Fine-tuned Qwen 2.5 14B Instruct for Scientific Named Entity Recognition (NER)

This repository hosts a fine-tuned version of the Qwen/Qwen2.5-14B-Instruct model, specifically adapted for Named Entity Recognition (NER) in scientific texts. The model has been instruction-tuned to extract specific entity types, outputting them in a structured JSON format.

Model Description

This model is a specialized version of Qwen 2.5 14B Instruct, designed to identify and extract key information from scientific documents. It leverages an instruction-following approach, where the model is prompted with a detailed task description (including the target entity types and output format) and the text to be annotated. Its primary application is to automate the extraction of structured data from research papers, abstracts, or other scientific literature.

Fine-tuning Details

Base Model: Qwen/Qwen2.5-14B-Instruct
Task: Named Entity Recognition (NER)
Domain: Scientific Literature
Fine-tuning Method: LoRA (Low-Rank Adaptation) with QLoRA (4-bit quantization) using the PEFT library.
Training Data: The model was fine-tuned on a custom dataset (ner_train.json and potentially ner_train_1.json), which consists of scientific text annotated with specific NER labels.

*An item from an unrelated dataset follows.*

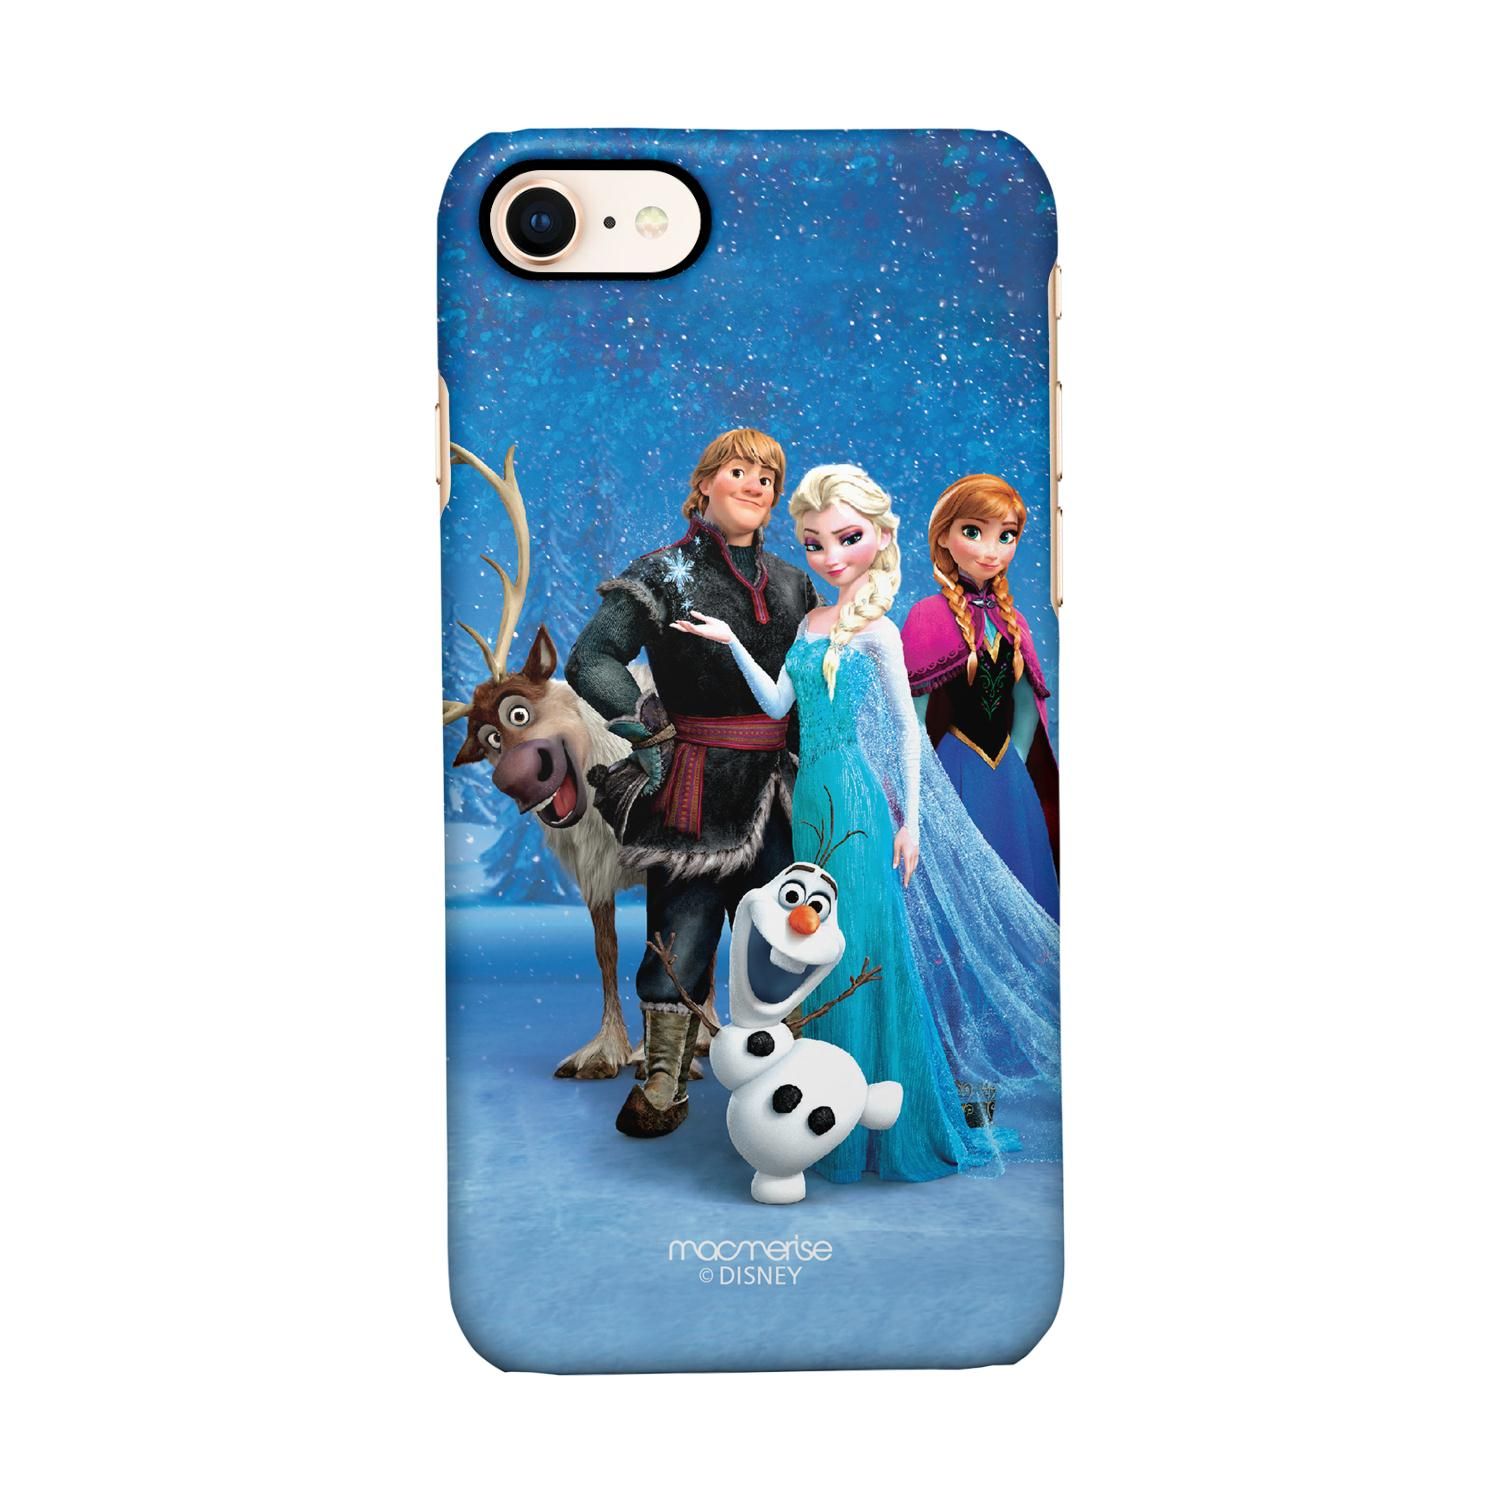 Buy Frozen together - Sleek Phone Case for iPhone 8 Online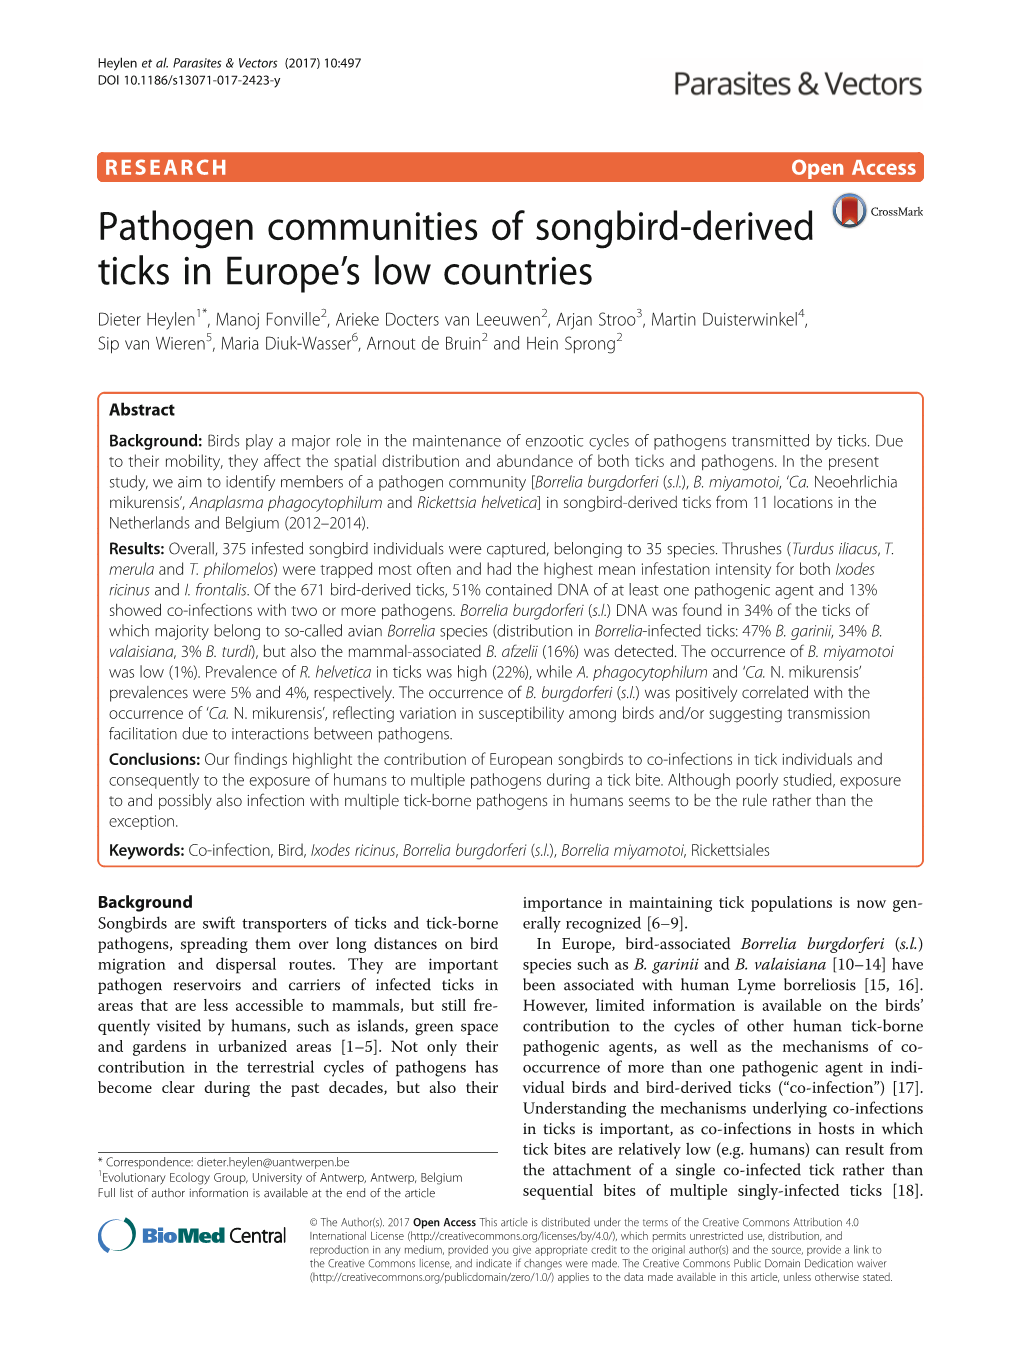 Pathogen Communities of Songbird-Derived Ticks in Europe's

The data was transformed into an instruction-response format suitable for instruction-tuning large language models.
Key LoRA Parameters: r=64, lora_alpha=16, lora_dropout=0.1.
Training Hyperparameters:
- per_device_train_batch_size: 4
- gradient_accumulation_steps: 8
- learning_rate: 2e-4
- max_steps: 500 (adjust if you used a different number)
- optim: paged_adamw_8bit
- fp16: True
- gradient_checkpointing: True
Hardware: Training was performed on a GPU (e.g., NVIDIA H100).

Named Entity Types

The model is trained to recognize and extract the following eight scientific entity types:

Ecosystem: Refers to the type of natural or artificial environment, land use, or specific study site characteristics beyond just coordinates/city.
Focalpoint: Refers to the main species, organism, or subject of study.
Locationofstudy: Refers to information about the physical setting, coordinates, geographical location, and name of country/city.
Mainhypothesisandcorrespondingresults: Refers to the primary hypothesis tested in the study and its direct, corresponding findings.
Method: Refers to method/technique/instrument used in the study.
Reccomendationsandsuggestions: Refers to proposals for future actions, research, or applications based on the study's findings.
Researchquestions: Refers to the specific problems, gaps, or questions the research aims to address.
Timeperiodofstudy: Refers to information about the timing of the study, including beginning and end date, total duration, timing, and duration of fieldwork.

How to Use

You can load and use this model with the Hugging Face transformers library.

import torch
from transformers import AutoTokenizer, AutoModelForCausalLM
from peft import PeftModel

# --- Configuration ---
# Replace 'YOUR_HF_USERNAME' with your Hugging Face username or organization
MODEL_REPO_ID = "MikeACedric/finetuned-qwen-for-ner-v2" # Adjust this if you chose a different repo name
GENERATION_MAX_NEW_TOKENS = 1024 # Max tokens for the JSON output

# Define the NER labels used during training
NER_LABELS = [
    "Ecosystem", "Focalpoint", "Locationofstudy", "Mainhypothesisandcorrespondingresults",
    "Method", "Reccomendationsandsuggestions", "Researchquestions", "Timeperiodofstudy"
]

# --- Prompts (must match training prompts exactly) ---
SYSTEM_PROMPT = "You are an expert in scientific reasoning and information extraction."
USER_CONTEXT_TEMPLATE = """## Task Description
Perform step-by-step reasoning to identify Named Entities in the scientific text.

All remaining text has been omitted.